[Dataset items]
***
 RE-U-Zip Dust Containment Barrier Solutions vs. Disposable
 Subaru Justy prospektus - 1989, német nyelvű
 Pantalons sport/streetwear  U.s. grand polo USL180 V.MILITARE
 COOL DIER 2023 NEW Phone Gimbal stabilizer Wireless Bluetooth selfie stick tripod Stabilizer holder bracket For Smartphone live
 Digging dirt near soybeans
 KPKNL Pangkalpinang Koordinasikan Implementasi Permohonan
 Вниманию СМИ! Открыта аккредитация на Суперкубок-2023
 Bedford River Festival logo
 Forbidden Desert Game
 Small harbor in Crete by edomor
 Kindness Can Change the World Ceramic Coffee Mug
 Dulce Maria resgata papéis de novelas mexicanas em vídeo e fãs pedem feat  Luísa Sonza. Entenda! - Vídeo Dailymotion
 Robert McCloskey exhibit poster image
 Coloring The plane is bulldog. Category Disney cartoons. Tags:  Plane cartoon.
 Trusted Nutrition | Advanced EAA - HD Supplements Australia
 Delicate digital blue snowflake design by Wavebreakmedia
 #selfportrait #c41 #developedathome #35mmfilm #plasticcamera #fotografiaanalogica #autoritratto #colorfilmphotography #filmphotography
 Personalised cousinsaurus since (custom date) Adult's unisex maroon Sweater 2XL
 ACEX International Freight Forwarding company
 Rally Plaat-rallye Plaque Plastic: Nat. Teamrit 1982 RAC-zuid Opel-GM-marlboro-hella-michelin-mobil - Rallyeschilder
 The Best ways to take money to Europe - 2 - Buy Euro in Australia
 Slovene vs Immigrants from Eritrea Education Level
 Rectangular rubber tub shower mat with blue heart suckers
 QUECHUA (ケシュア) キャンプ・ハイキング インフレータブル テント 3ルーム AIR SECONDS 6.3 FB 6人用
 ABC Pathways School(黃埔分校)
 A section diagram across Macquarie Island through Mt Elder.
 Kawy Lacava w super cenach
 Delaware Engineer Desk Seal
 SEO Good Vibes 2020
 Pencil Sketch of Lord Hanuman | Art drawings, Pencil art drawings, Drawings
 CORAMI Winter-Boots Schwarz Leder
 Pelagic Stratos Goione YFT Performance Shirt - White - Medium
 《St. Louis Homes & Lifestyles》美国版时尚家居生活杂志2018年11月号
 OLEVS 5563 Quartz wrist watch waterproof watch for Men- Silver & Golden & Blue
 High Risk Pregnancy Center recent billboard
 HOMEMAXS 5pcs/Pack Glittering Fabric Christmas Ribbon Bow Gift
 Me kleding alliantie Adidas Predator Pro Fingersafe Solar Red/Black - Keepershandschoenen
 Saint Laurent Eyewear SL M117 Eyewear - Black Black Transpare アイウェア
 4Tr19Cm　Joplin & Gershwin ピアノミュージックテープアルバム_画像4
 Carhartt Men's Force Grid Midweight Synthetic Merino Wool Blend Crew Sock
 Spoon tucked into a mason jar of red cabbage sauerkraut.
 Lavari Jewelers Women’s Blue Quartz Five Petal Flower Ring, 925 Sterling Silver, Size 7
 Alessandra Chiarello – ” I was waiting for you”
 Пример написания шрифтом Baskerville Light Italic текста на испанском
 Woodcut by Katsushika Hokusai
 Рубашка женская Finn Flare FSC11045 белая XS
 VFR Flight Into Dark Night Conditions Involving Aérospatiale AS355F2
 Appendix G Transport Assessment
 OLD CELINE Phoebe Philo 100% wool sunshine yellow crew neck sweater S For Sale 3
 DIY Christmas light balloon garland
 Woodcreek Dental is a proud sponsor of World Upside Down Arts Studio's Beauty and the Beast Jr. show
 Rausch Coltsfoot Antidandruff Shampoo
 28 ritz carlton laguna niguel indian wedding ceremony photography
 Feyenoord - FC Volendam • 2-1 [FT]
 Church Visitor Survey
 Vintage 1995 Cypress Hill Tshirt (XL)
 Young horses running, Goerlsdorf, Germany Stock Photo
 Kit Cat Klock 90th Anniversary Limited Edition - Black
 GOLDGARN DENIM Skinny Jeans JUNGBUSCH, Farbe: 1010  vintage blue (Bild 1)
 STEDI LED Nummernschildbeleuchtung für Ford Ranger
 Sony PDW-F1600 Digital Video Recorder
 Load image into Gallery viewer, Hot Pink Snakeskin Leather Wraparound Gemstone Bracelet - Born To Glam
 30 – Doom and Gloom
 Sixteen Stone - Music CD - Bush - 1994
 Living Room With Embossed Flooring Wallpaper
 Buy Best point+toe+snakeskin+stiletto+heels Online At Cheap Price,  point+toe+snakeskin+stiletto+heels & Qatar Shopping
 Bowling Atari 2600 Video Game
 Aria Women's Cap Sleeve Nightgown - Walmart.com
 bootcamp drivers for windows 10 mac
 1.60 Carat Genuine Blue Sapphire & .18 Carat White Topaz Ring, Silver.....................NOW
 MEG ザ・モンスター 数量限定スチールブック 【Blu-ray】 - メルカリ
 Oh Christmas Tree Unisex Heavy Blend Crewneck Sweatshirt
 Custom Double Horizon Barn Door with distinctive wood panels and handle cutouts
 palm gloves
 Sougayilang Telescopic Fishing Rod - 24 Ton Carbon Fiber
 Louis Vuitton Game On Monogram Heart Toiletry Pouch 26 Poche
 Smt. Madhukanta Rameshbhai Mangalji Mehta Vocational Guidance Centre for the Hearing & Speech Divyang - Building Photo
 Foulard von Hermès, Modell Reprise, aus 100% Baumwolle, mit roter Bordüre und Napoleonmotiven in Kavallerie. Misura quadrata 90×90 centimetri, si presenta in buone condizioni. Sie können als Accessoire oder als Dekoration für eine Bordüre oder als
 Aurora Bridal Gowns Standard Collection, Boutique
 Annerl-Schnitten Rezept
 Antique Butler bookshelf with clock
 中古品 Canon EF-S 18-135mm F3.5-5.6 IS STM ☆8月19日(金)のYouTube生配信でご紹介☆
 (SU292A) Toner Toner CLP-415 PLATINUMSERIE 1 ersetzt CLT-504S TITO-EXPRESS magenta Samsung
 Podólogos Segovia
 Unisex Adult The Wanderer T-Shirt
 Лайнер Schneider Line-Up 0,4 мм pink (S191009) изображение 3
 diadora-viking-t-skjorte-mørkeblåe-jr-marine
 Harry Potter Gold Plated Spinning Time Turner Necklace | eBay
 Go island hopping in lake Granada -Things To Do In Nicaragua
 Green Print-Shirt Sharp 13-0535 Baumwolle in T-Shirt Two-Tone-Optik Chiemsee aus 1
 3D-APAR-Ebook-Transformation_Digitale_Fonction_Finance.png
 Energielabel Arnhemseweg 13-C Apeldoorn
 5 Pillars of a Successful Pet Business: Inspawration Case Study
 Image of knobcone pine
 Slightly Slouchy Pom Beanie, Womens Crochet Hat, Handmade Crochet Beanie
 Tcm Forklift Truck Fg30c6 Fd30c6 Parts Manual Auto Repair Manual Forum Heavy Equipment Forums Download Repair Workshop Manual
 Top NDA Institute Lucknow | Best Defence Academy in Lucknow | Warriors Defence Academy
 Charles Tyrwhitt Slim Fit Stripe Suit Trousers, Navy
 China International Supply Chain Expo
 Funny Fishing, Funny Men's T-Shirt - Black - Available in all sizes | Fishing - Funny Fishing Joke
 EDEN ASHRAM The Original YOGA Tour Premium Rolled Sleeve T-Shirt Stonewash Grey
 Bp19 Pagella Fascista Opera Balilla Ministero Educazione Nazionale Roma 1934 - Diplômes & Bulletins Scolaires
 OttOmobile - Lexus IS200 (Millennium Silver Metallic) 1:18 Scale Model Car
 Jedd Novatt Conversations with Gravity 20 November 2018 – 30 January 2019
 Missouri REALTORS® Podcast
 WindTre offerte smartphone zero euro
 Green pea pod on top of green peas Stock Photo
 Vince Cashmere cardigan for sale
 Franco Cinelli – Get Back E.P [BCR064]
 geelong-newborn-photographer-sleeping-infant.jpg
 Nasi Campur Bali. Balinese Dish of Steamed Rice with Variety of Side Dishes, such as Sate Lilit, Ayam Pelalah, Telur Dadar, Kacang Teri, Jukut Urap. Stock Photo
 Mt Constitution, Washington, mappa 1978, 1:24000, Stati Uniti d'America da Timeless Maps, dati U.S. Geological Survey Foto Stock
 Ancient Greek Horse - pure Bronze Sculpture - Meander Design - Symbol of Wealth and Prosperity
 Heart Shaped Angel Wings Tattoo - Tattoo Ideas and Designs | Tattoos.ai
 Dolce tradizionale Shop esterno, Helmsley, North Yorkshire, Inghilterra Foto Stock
***
■ About this exercise ■
Beginning with the line above that contains "Rally Plaat-rallye Plaque", copy each line exactly up to and including the line that contains "CORAMI Winter-Boots Schwarz Leder", and go no further.

■ Reply to the task ■
 Rally Plaat-rallye Plaque Plastic: Nat. Teamrit 1982 RAC-zuid Opel-GM-marlboro-hella-michelin-mobil - Rallyeschilder
 The Best ways to take money to Europe - 2 - Buy Euro in Australia
 Slovene vs Immigrants from Eritrea Education Level
 Rectangular rubber tub shower mat with blue heart suckers
 QUECHUA (ケシュア) キャンプ・ハイキング インフレータブル テント 3ルーム AIR SECONDS 6.3 FB 6人用
 ABC Pathways School(黃埔分校)
 A section diagram across Macquarie Island through Mt Elder.
 Kawy Lacava w super cenach
 Delaware Engineer Desk Seal
 SEO Good Vibes 2020
 Pencil Sketch of Lord Hanuman | Art drawings, Pencil art drawings, Drawings
 CORAMI Winter-Boots Schwarz Leder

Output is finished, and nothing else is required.